More than just finding a sub-graph isomorphism, one is usually interested in find the most frequent ones. One interesting approach to Frequent Sub-Graph (FSG) mining is gSpan, a DFS-based mining algorithm proposed by Yan and Han. It consists of defining a unique lexicographic encoding for each sub-graph so that it can be counted more easily while exploring molecular data. There is also a controversy about the validity of 2D models such as graphs for modeling molecules, specially because some geometric subtleties differ a innocuous molecule from a a carcinogenic one. Thus, it is worth of notice that predictive models are not intended to skip in vitro tests but just point out which molecules are most likely to work out.

How can operations research fit in?

There are a number of O.R. applications for what we have been discussing here.

I would like to mention one interesting application of Linear Programming (LP) to QSAR analysis by Saigo, Kodawaki and Tsuda. Their approach consisted of using LP to build a regression function for prediction in which error is minimized. It is based on positive and negative relations between molecules and activities, that is, a quantitative relation among each molecule and the activity or a constraint imposing that such relation is not relevant. The decision variables of the problem are the coefficients associated with every possible substructure. Since there can be a lot of possible substructures, they start with a small problem and there is a column generation algorithm that tries to find a new variable whose addition to the problem might improve the results.

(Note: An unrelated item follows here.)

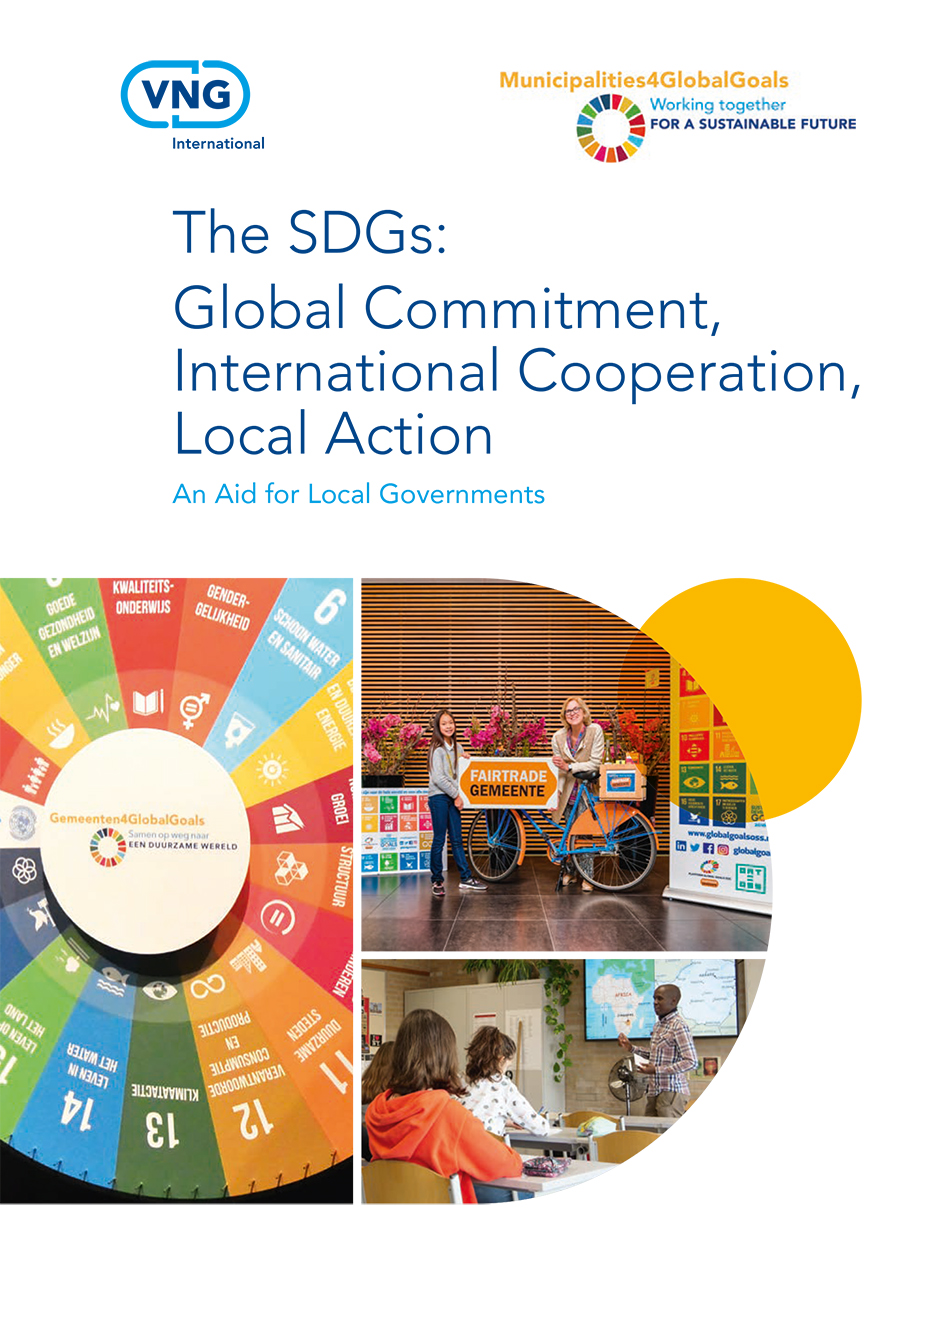 The SDGs: Global Commitment, International Cooperation, Local Action | An Aid for Local Governments
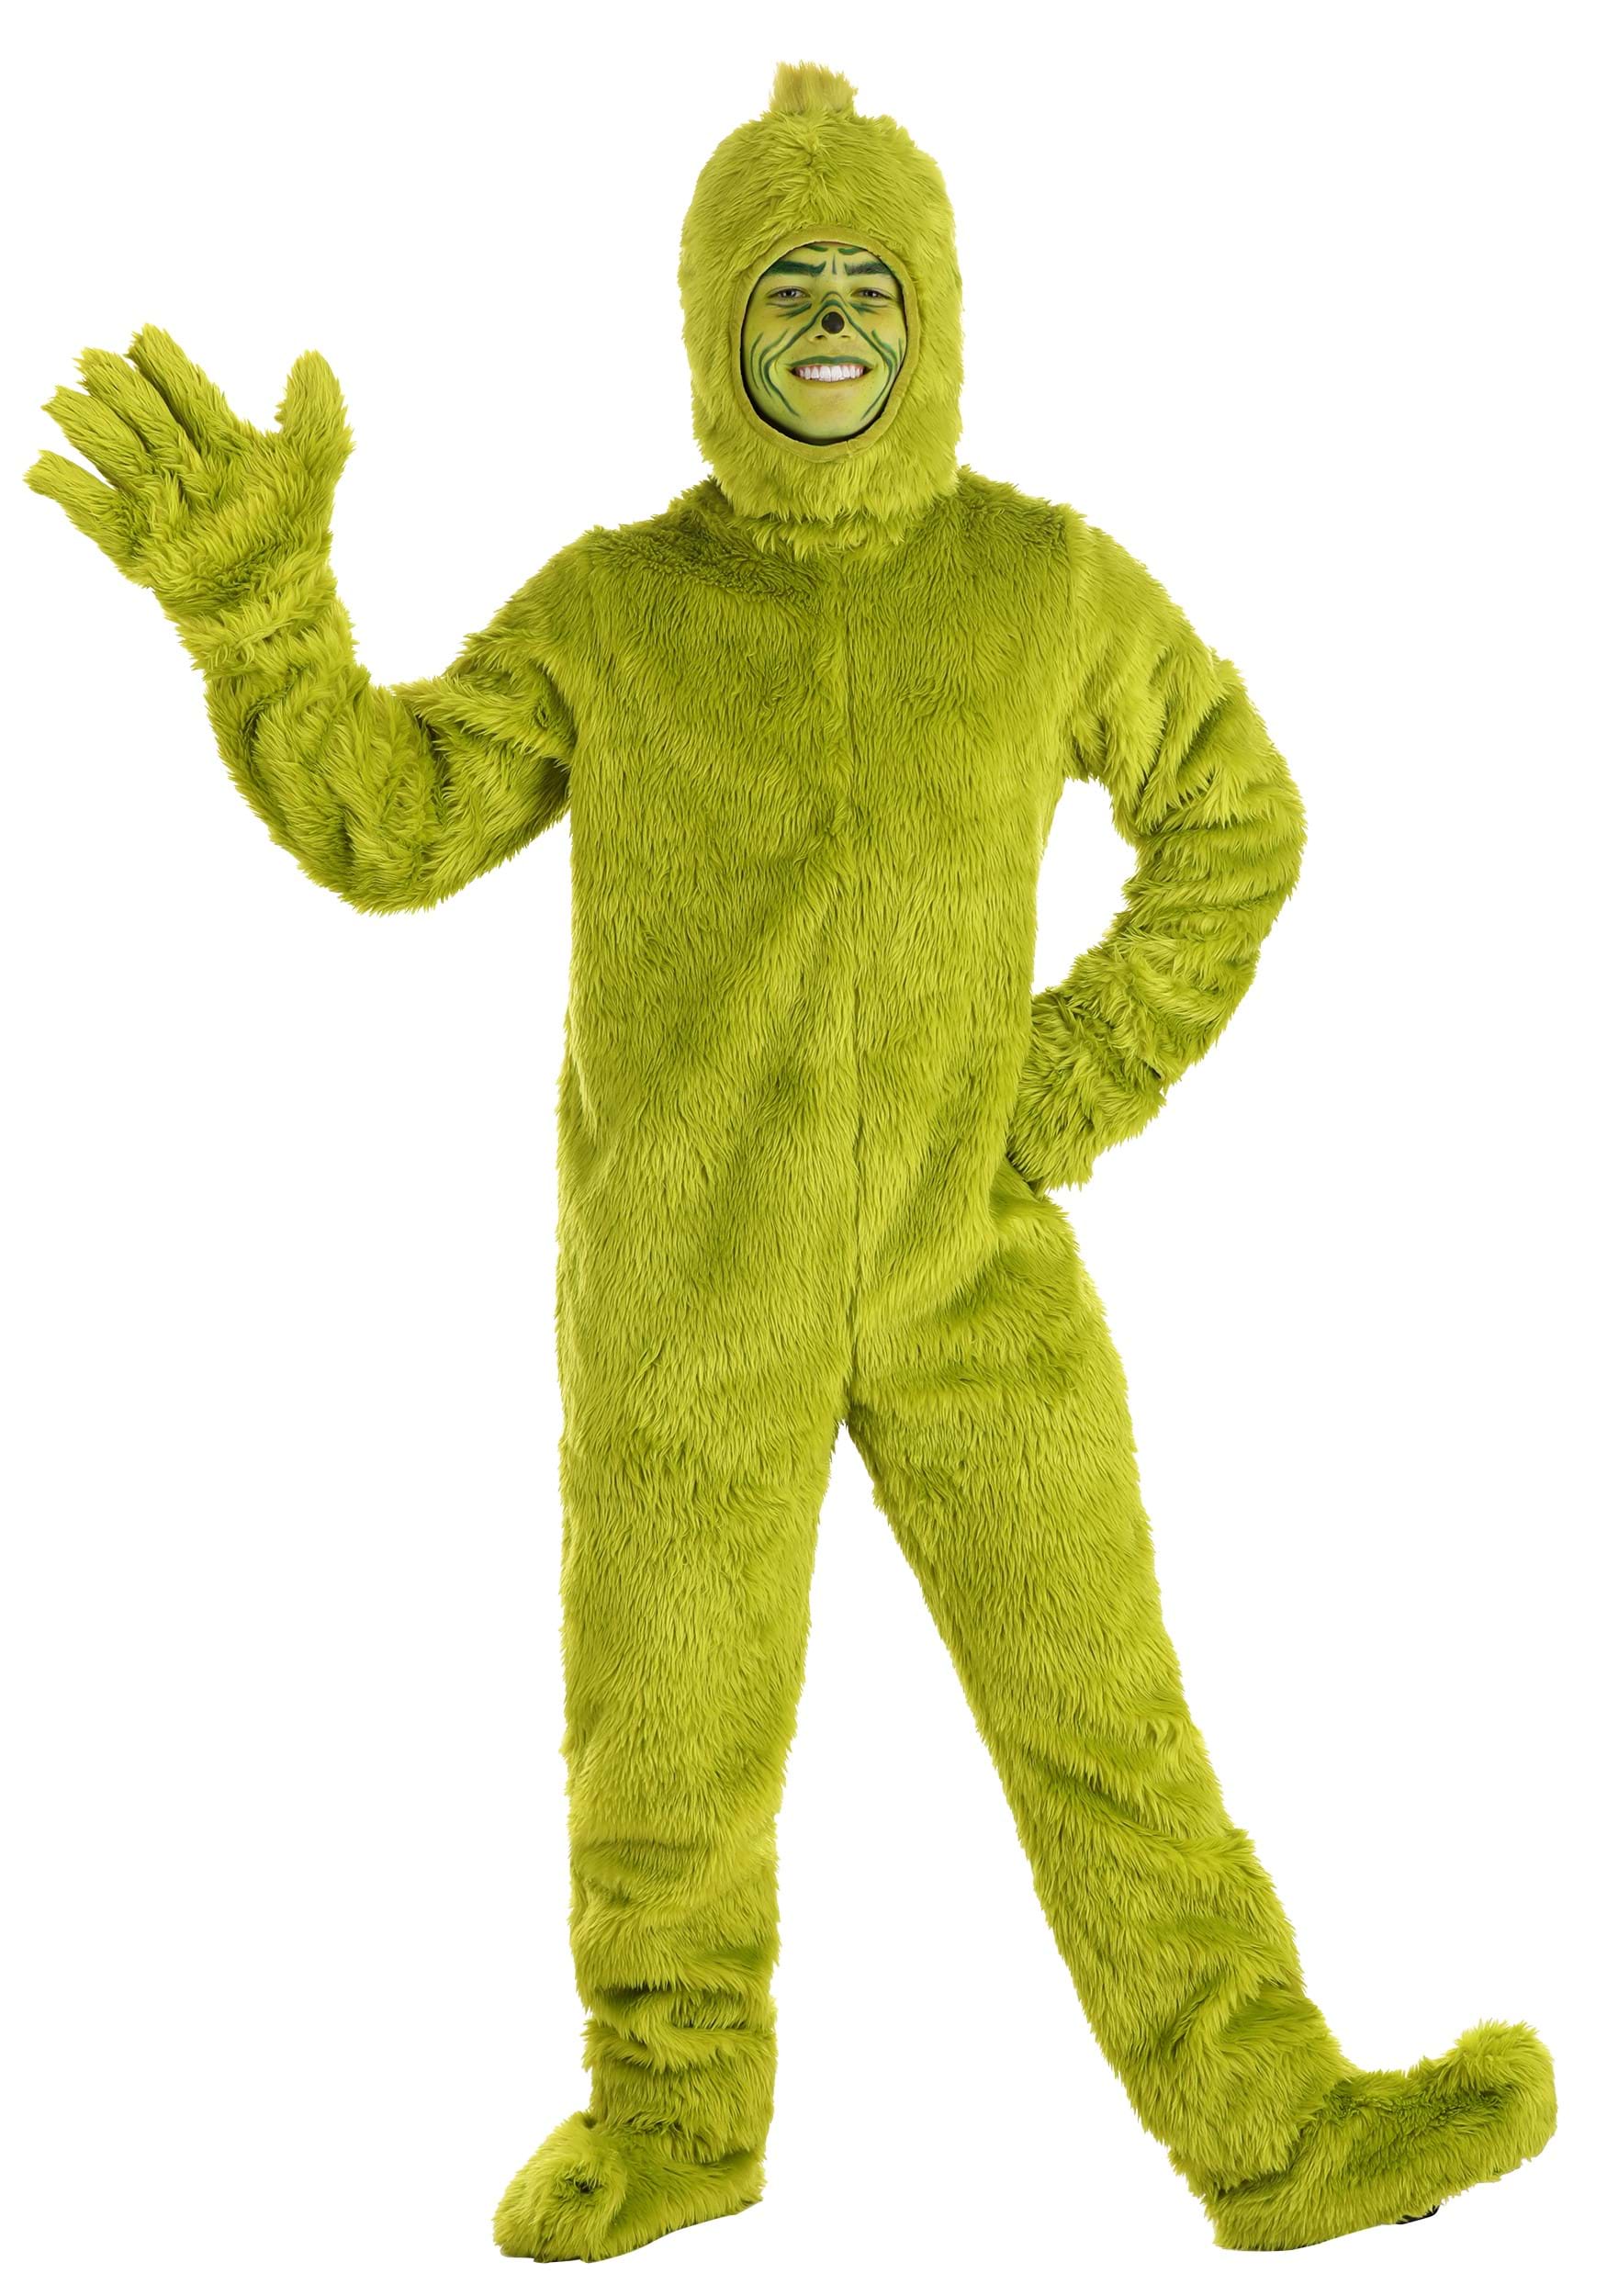 Dr. Seuss Open Face Grinch Costume , Adult Grinch Costumes

Final remarks: OR and the invisible good

The fun of many professions is to see the benefit of what you are doing. That is even more present in health care, since you are dealing with people and their lives. On the other hand, OR is the kind of invisible science, which is on its best use when the average people can not sense its presence. Notwithstanding, OR practitioners enjoy numbers and are glad to know that things are a bit better because of their work behind the scenes. Despite that, blogging about OR can help people notice the importance of the area to support others that are commonly visible to everyone.

I would like to thank my mother-in-law for some helpful advises to write about QSAR.